I'm glad you have a workaround, but I don't think the base problem
is to do with bind mounting or symlinking the tftp startup directory.
The program would have to jump through hoops to detect the former case and
disable it, and I don't see any references to mount or mtab in the code.
Nor does it seem to look at the mode bits in any stat call.

If you have strace on the device, and want to go deeper, then tracing the
atftpd startup (strace -f atftpd <options>) might give some clues to how
it accesses the startup directory and why it doesn't notice your changes.
Permissions, possibly, though I'm sure you'll have covered that too.

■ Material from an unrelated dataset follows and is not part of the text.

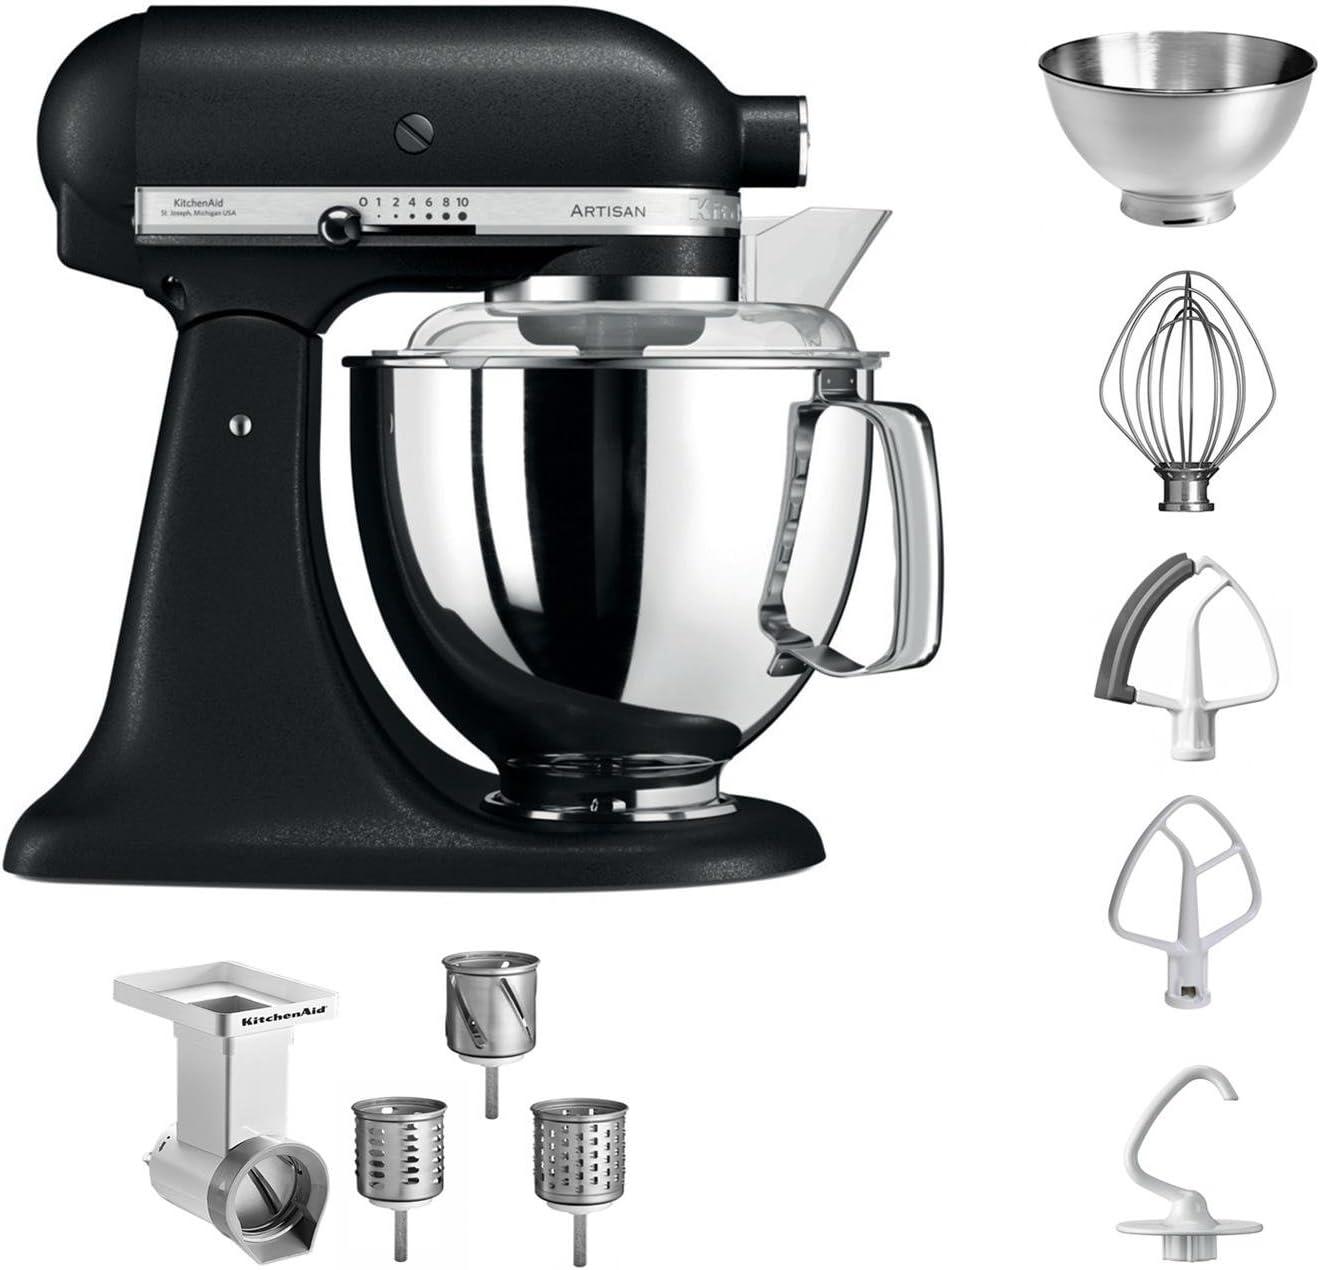 KitchenAid 5 ksm175psebk + MVSA Artisan Robot de cocina + Cortador de verduras, color negro: Amazon.es: Hogar
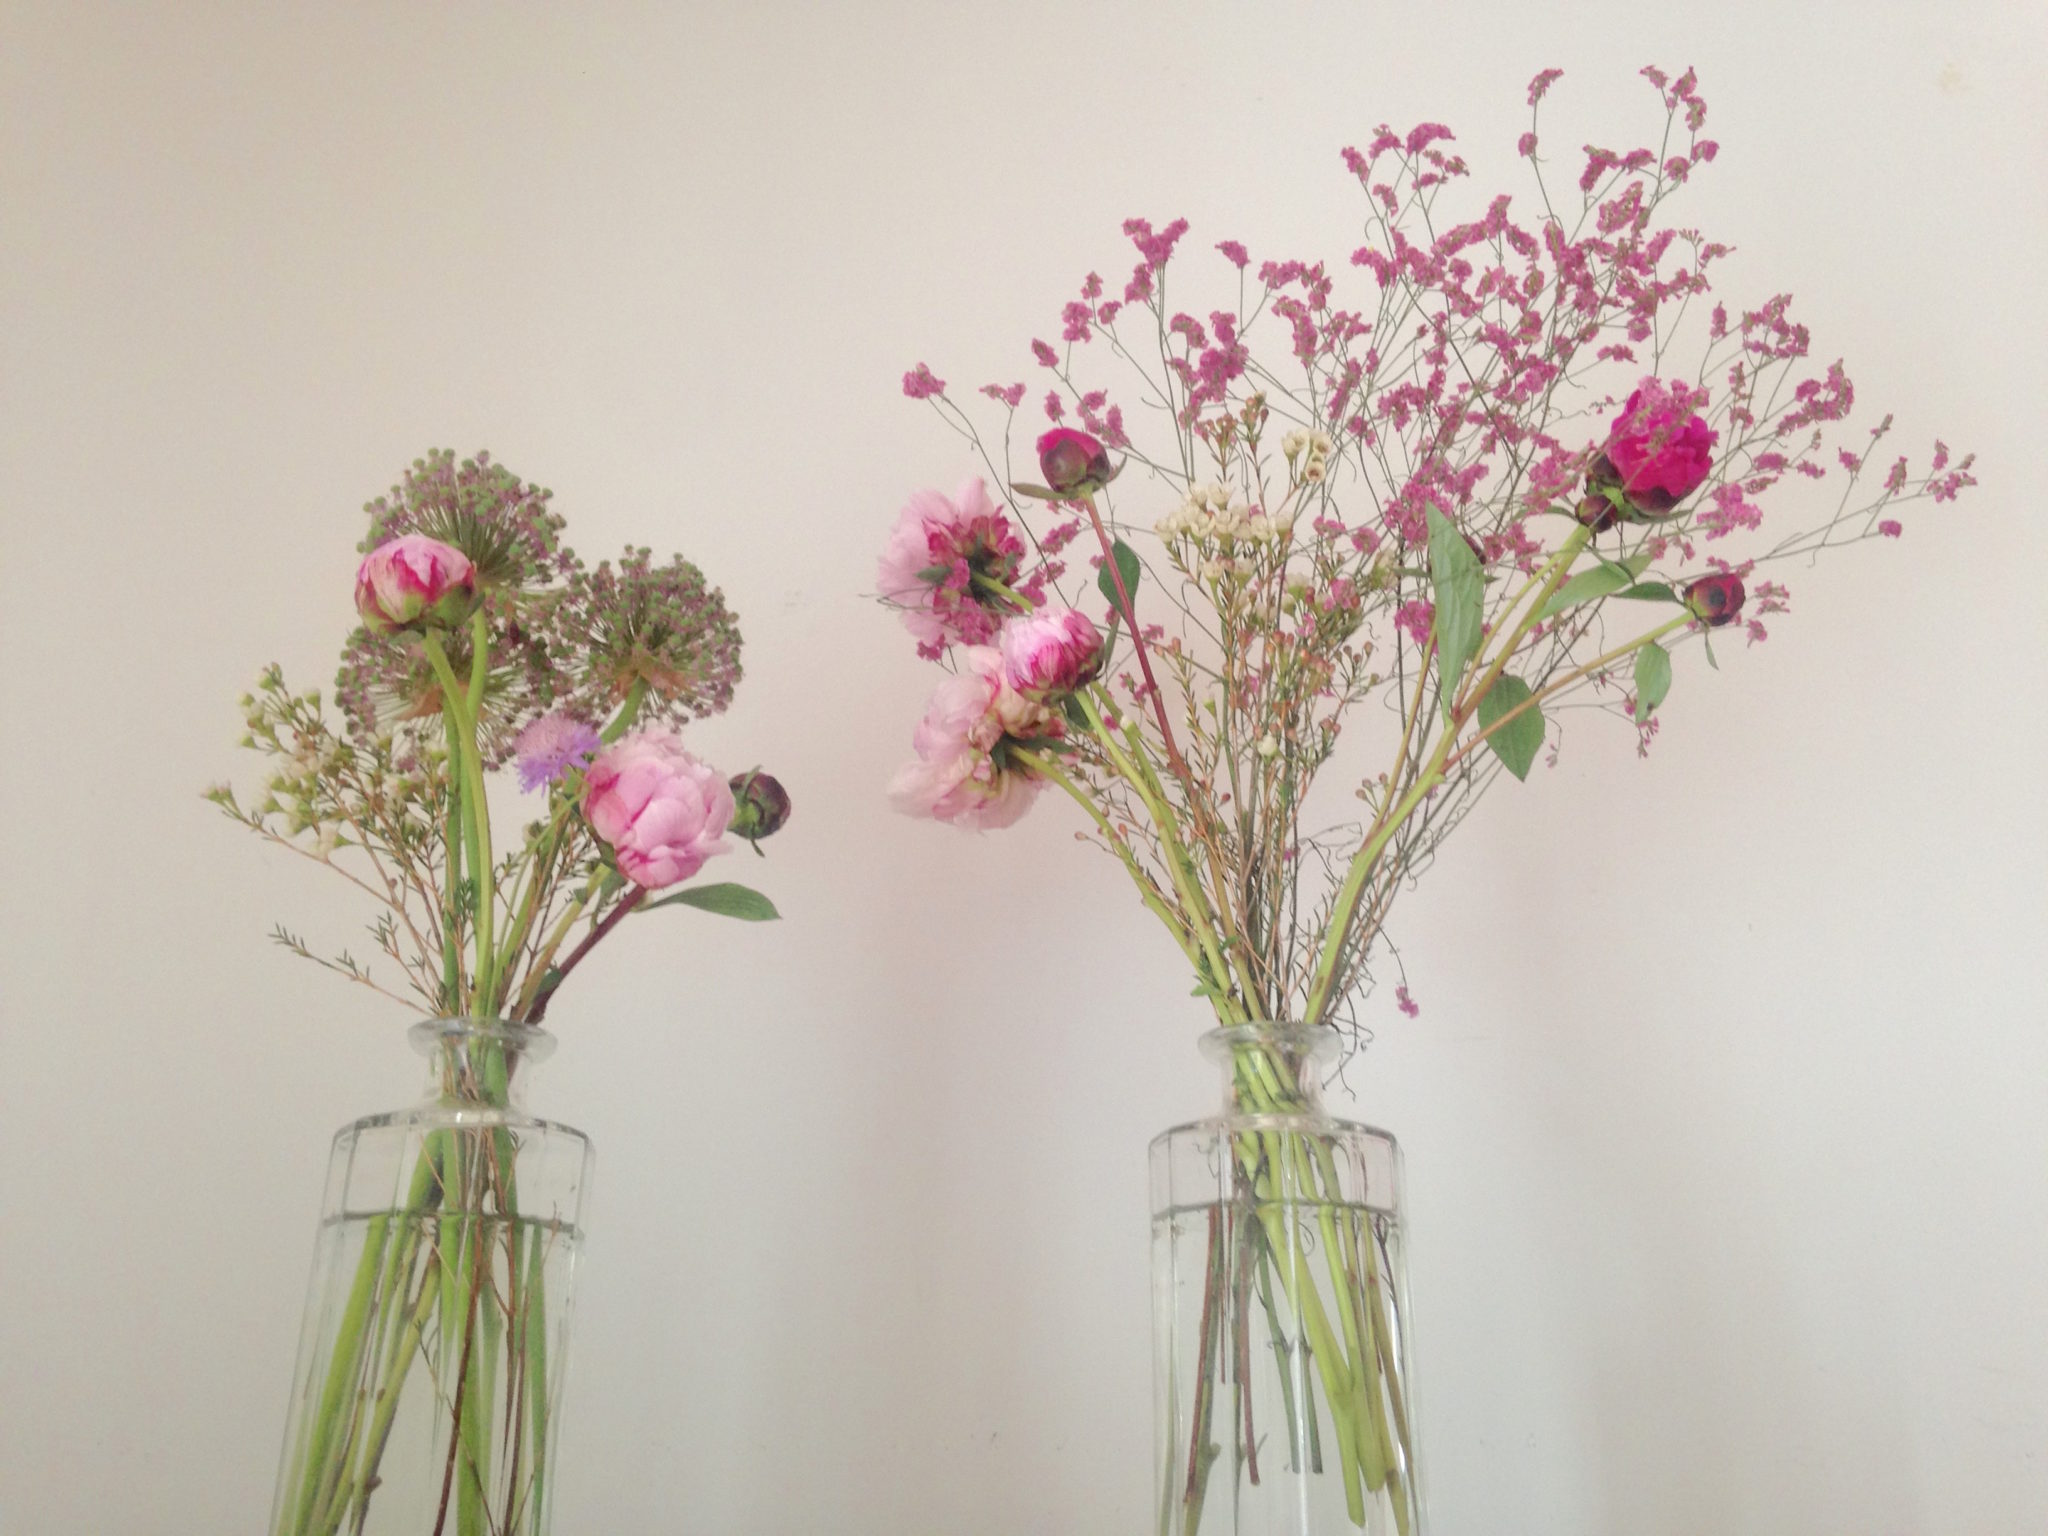 Copihue - Avete mai notato come la forma di un fiore somigli a chi li compra?

Incidentally may I give my congratulations that you've succeeded in
beating it into shape this far, considering the messy state of the
device's original code when you first started posting about this
project :)

[df7...@gmail.com]

On Tuesday, August 22, 2017 at 9:36:33 AM UTC-7, Java Jive wrote:
> Can't seem to start atftpd on my NSA221 NAS. Every single one of the
> many command lines that I've tried just display the help as though I'd
> called it with -h.
>
> An online search got a few hits, but nearly all the people with the
> problem just used a server program running on Windows instead - I've
> done this too, but I'd rather have it working on the NAS.
>
> Grateful for any helpful suggestions ...
> --

I was having same problem with older Ubuntu version. Searching Internet just had the same old information:

Edit /etc/default/atftpd
Change: USE_INETD=true to USE_INETD=false

Change: OPTIONS directory to be the one you want (e.g. /tftpboot).

Ensure directory is setup:
mkdir /tftpboot && chmod -R 777 /tftpboot && chown -R nobody:nogroup /tftpboot

But still not working. Well there was one additional change that made it work for me:

Add: --daemon to the OPTIONS in /etc/default/atftpd

Hope that helps someone else as I spent a good 5 to 6 hours on this.